ARQ 531 is an investigational, orally bioavailable, potent and reversible Bruton’s tyrosine kinase (BTK) inhibitor. Biochemical and cellular studies have shown that ARQ 531 inhibits both the wild type and C481S-mutant forms of BTK. The C481S mutation is a known emerging resistance mechanism for first generation irreversible BTK inhibitors. In preclinical studies ARQ 531 has demonstrated high oral bioavailability as well as good ADME, pharmacokinetic and metabolic properties.

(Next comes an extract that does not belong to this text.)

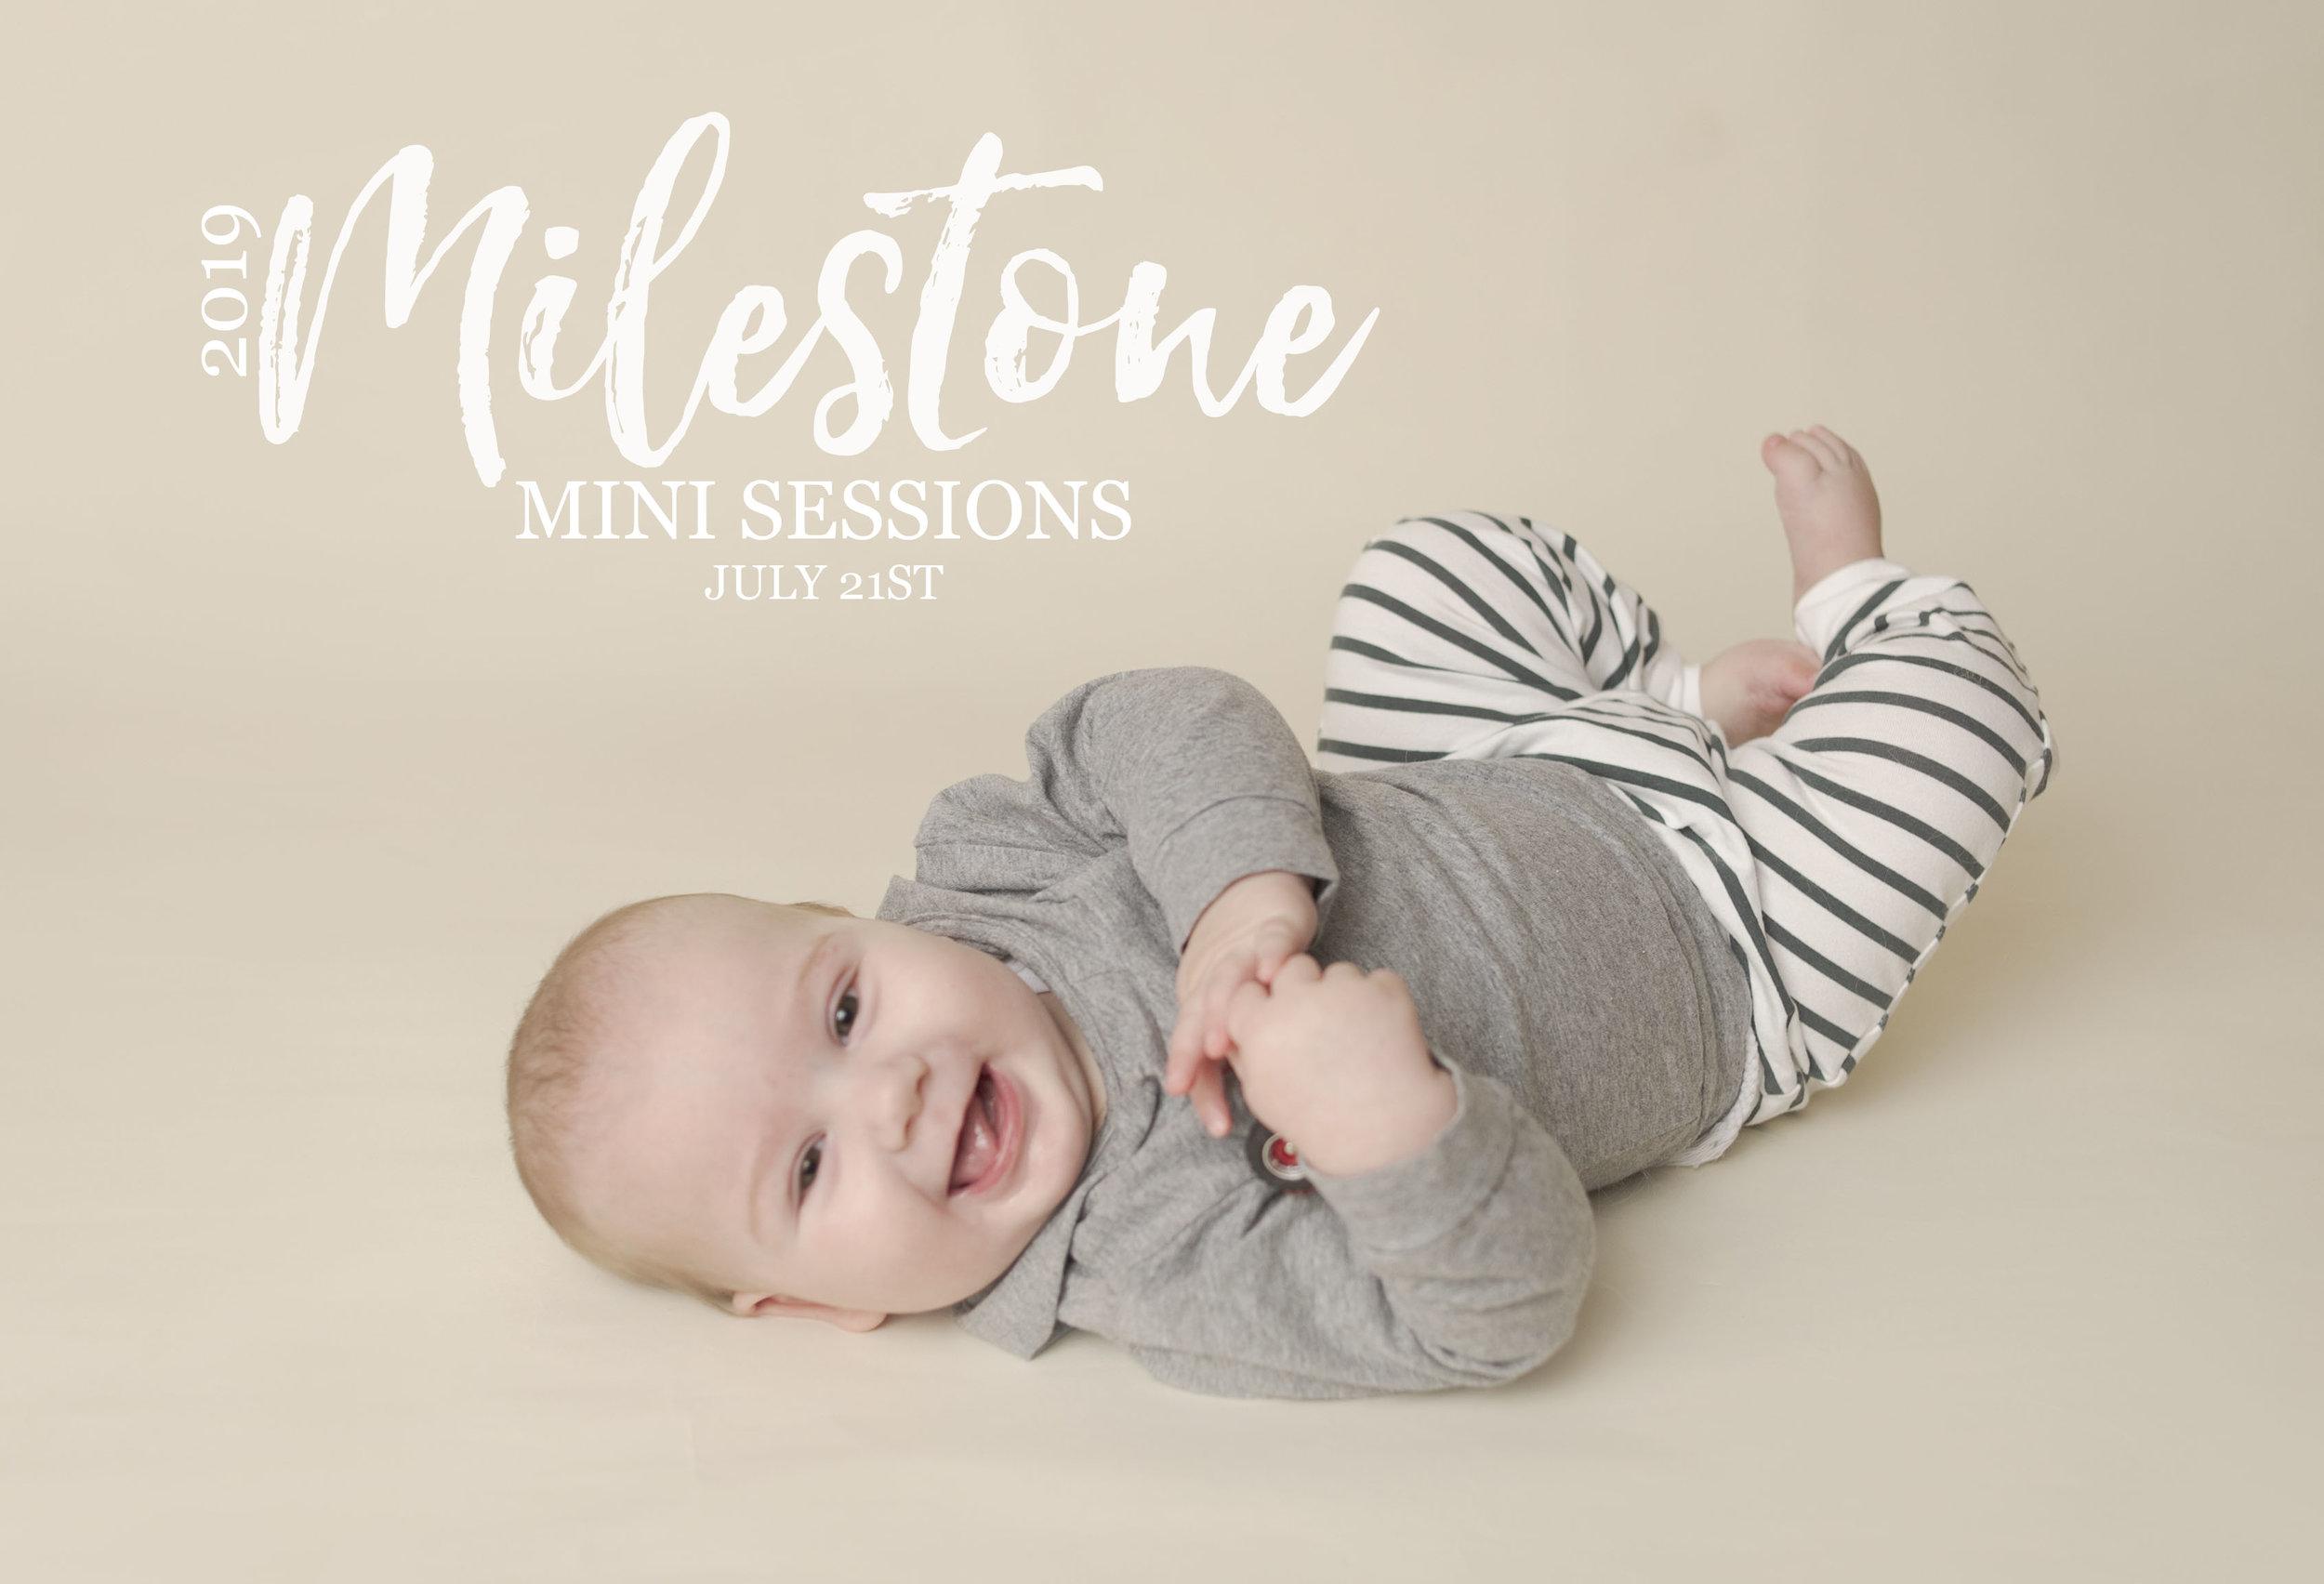 MilestoneMiniSessions.jpg
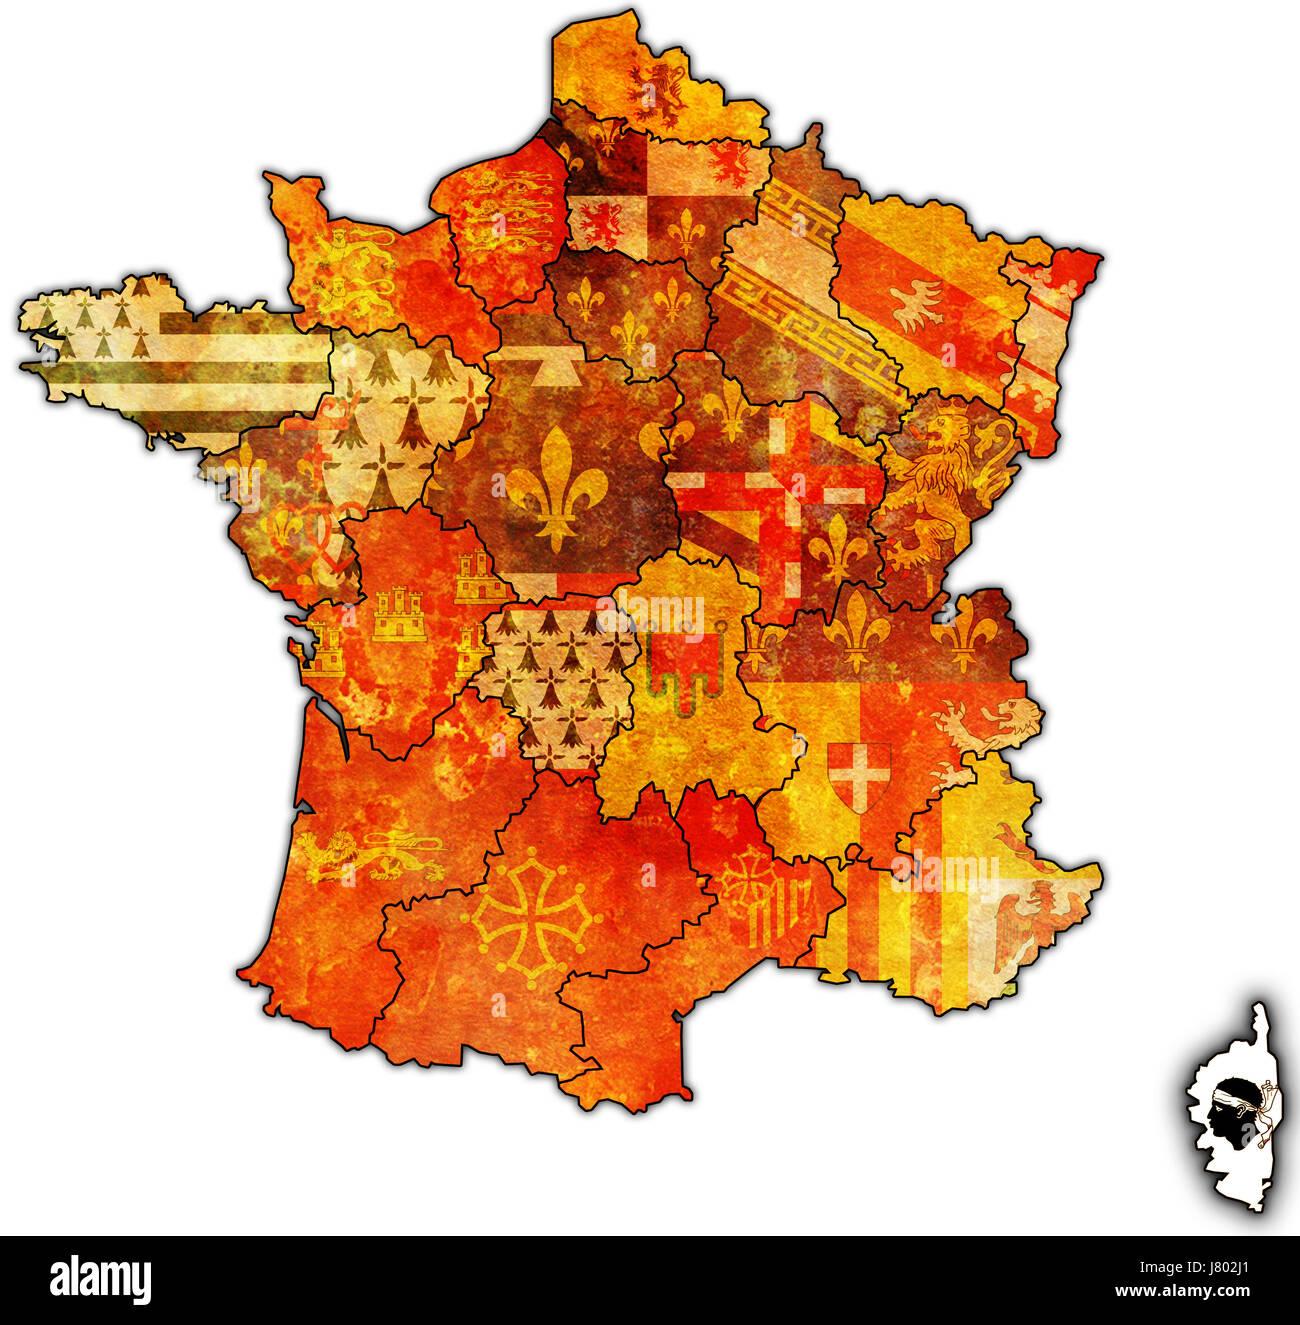 Drapeau France Region Departement De Geographie Atlas Des Cartes Plan De La Scene Politique Photo Stock Alamy

The Company initiated a phase 1 trial in the third quarter of 2017. BTK is a therapeutic target that has been clinically proven to inhibit B-cell receptor signaling in blood cancers.

About Derazantinib

Derazantinib is a potent, orally administered inhibitor of the fibroblast growth factor receptor (FGFR) family, a key driver of cell proliferation, differentiation, and migration. In a Phase 1/2 study in patients with iCCA harboring FGFR2 gene fusions, treatment with derazantinib resulted in an objective response rate of 21%, nearly 3 times higher than standard-of-care chemotherapy. ArQule is currently conducting a registrational study with derazantinib in patients with FGFR2 fusion-positive second-line iCCA. The open-label single-arm trial is recruiting in both the United States and Europe with objective response rate as the primary endpoint.